Live in the leading

Editor’s Note: This is the final installment in a three-part series by design thought leader Stefan Mumaw from his HOW Design presentation, “Think Like a Villain: A Creative’s Guide to Winning Through Villainy.”

There was a time before computers, even before typewriters, when the printed word was set by hand. Meticulous typesetters would lay out lines of metal letters to spell words, sentences, and paragraphs, and then those letters would be inked and pressed to paper. To create space between the lines of type, typesetters would lay lead strips of varying widths.

This became known as the leading, the space between lines of type. Leading is never shown on the paper. The thickness of the strips were less than the thickness of the type, so when ink ran across the letters, it would not touch the inset leading. It was hidden to everyone but the mastermind, the typesetter who knew the importance of the space in between.

As creatives, we tend to focus on the letters and forget about the leading because it’s unseen. But villains, they study the entire space. They are looking for the things other people forget, discard, or fail to see. Villains have learned to live in the leading. To them, it is the shadows. But to us as creatives, it represents an opportunity to see the things others don’t see. When everyone else is focusing on the poster, the devious creative is studying where the poster will be hung, what it is made of, the potential size and shape, and most importantly, who will look at it.

Villains understand that the great variable in any endeavor is not the facts, it is the people. Facts are iron-clad; they do not change. If they intend to rob a bank, the bank never moves. The walls are made of the same material today as they will be tomorrow. The location of the vault is in the same place every day.

People, on the other hand, are the great variable. The guard moves randomly. The tellers are on shifts, or call in sick, or go to the bathroom. The number of customers changes perpetually. People are unpredictable and emotional, but they are also malleable, habitual, and behavioral. As creatives, the facts of the things we make are the same, but understanding what moves people can be the difference between success and failure and present the clearest opportunity to operate in the leading.

Villains understand that the great variable in any endeavor is not the facts, it is the people. Facts are iron-clad; they do not change.

In our industry, personas are created to provide a shorthand for audience understanding. We group people into audiences to help us develop creative most-likely-to-motivate behavioral change in that group. But our typical segregation is demographic rather than any other sociology. We group people by age, gender, and economic standing and then make assumptions about how those groups collectively see the world. It is a wide brush but one we need because we have to create a singular solution that is relevant to everyone in the group. To help make that brush a little more pointed, and dive deeper into the motivations of an audience, try segregating audiences by loves and fears.

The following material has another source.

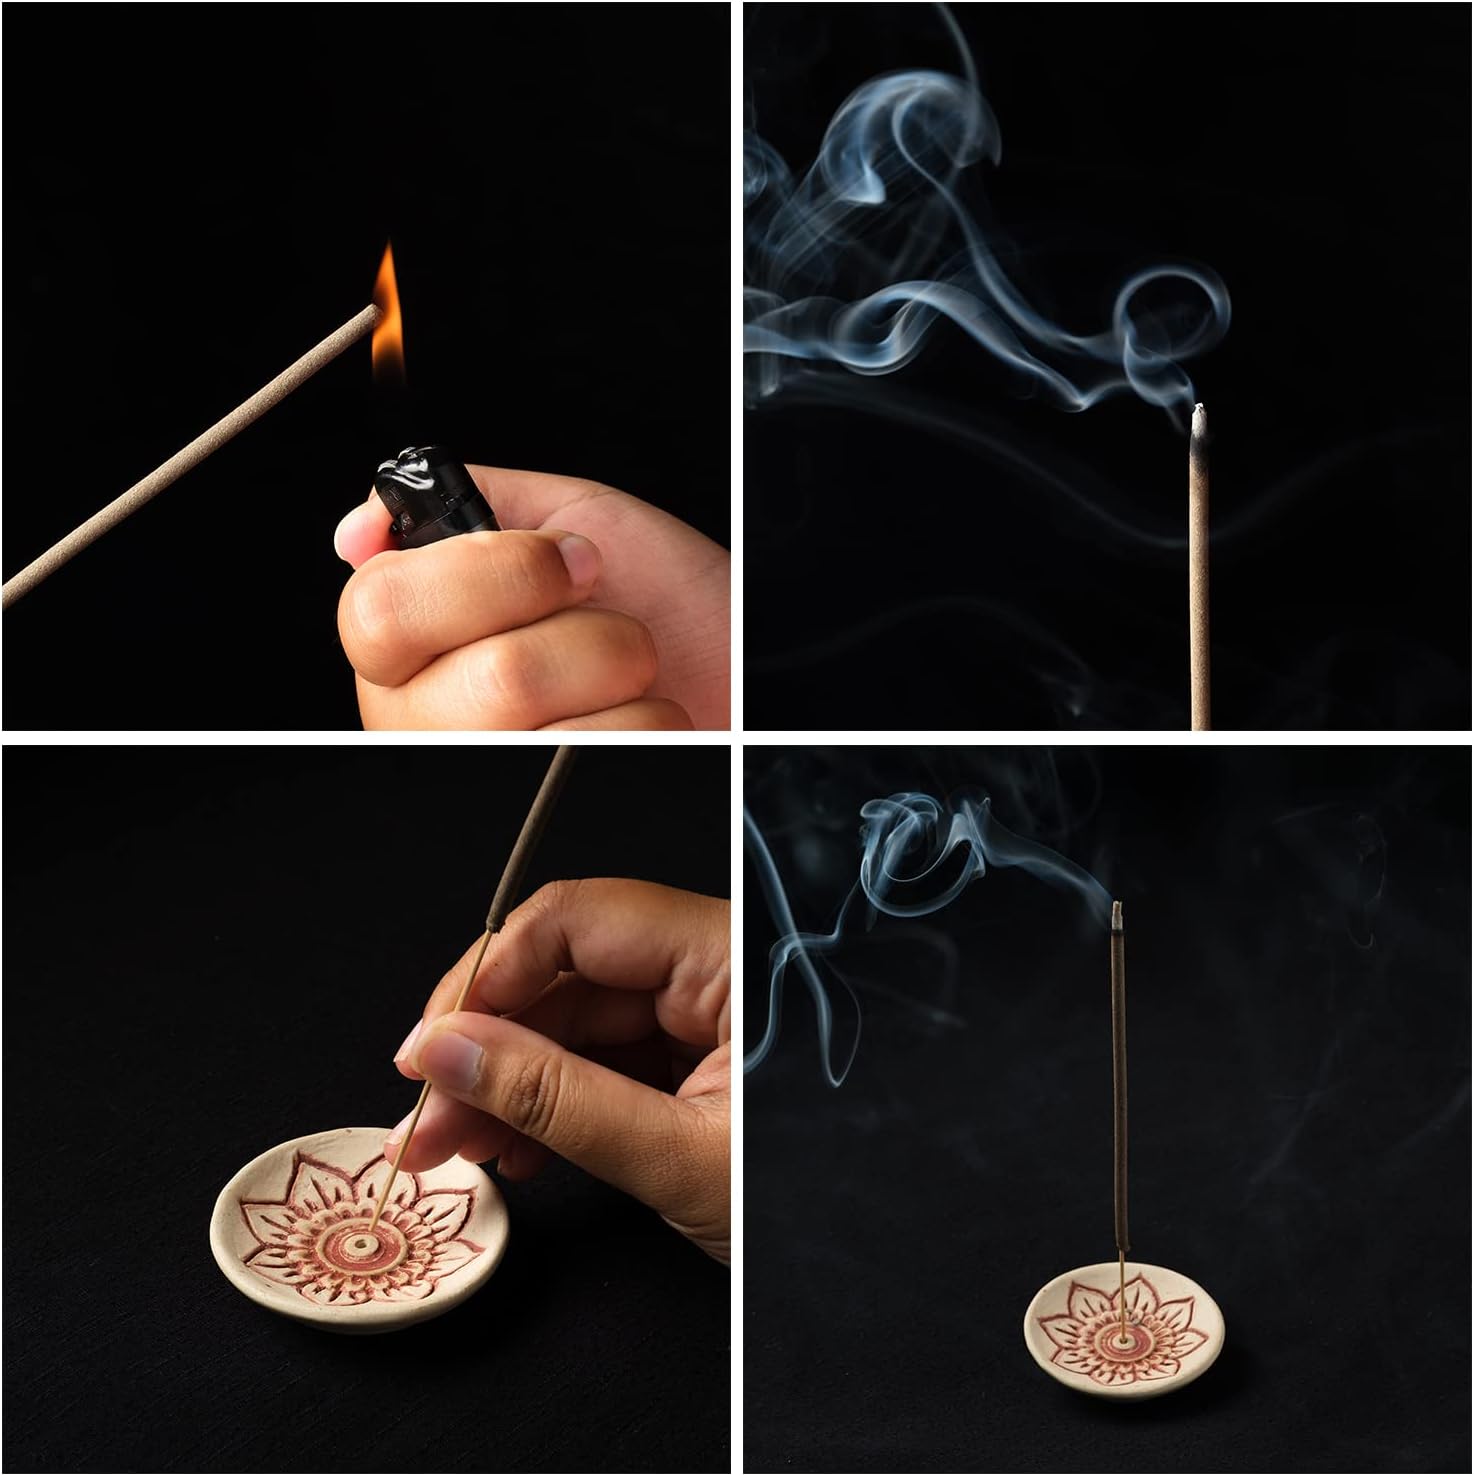 Jembrana Incense Sticks Mix 6 Scents (144 Sticks Total), 24 Sticks Each of Sandalwood, Amber, Maha Triloka, Gardenia, Padma  Raja Harum, Sold by Bali Soap
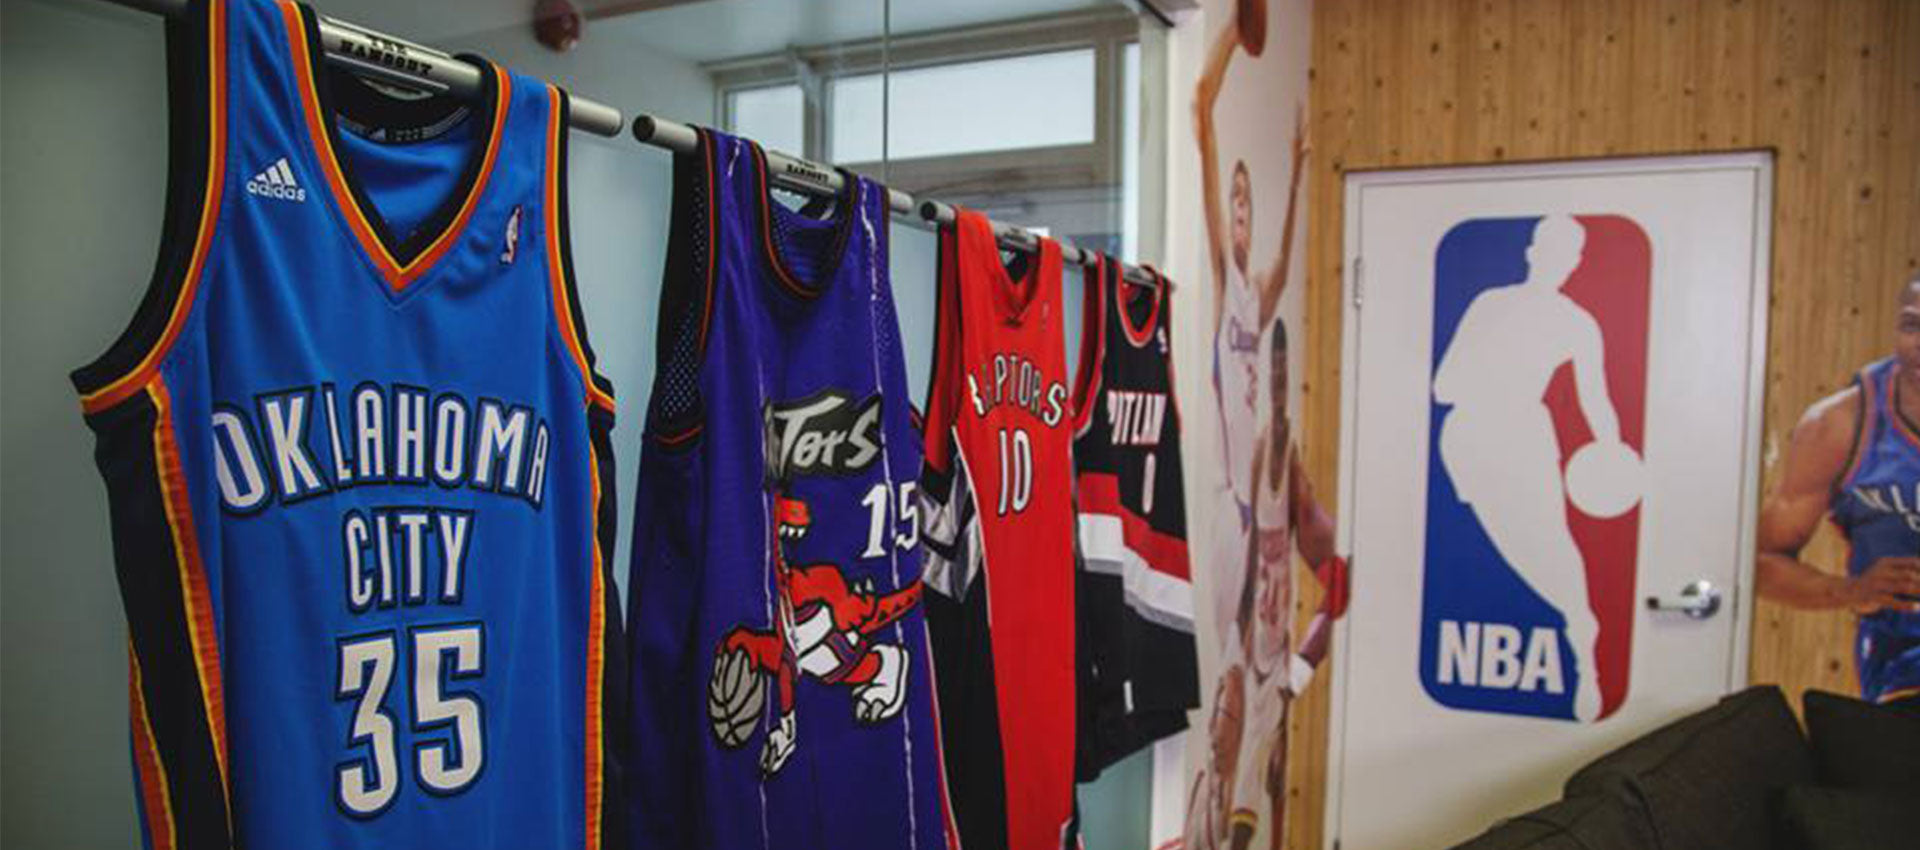 how to hang basketball jerseys on wall

Take your typical demographic audience breakdowns and add two more categories: loves and fears. Then go through the exercise of listing what these audiences love and fear as humans, not just consumers of your brand, product, or service. When you do, you will find some similarities between audiences but better yet, you will find opportunities to impact areas of their lives that they weren’t expecting.

Maybe a consistent fear across your audiences is relevancy, that as the audience ages, they fear staying relevant in the eyes of the people to whom they give authority. That becomes a need. How does your brand, product, or service help them stay relevant? Or maybe a thread you notice between your audiences is a shared love for control. How does your brand, product, or service help them feel in control? Using loves and fears as a way to associate people rather than blind demographics allows you to work in the leading, to notice patterns, and use those patterns to develop creative that changes behaviors.

So? One thing villains know is that people are the key to achieving their goals. They understand their motivations, mostly to exploit them. As creatives, we should look to understand our audiences, not to exploit but to move, not to manipulate but to empower. While others are focused on the thing they are making, we should be focused on the people we are moving.

Throughout this series, we have explored how villains think, and how we might be able to learn from their process to improve creatively. In the quote above, Charles Adams theorizes that normal is an illusion, because what is normal to one person might be abnormal to another. And he’s right. It is up to us, as creators, to know the difference so that we can create work that is truly…villainous.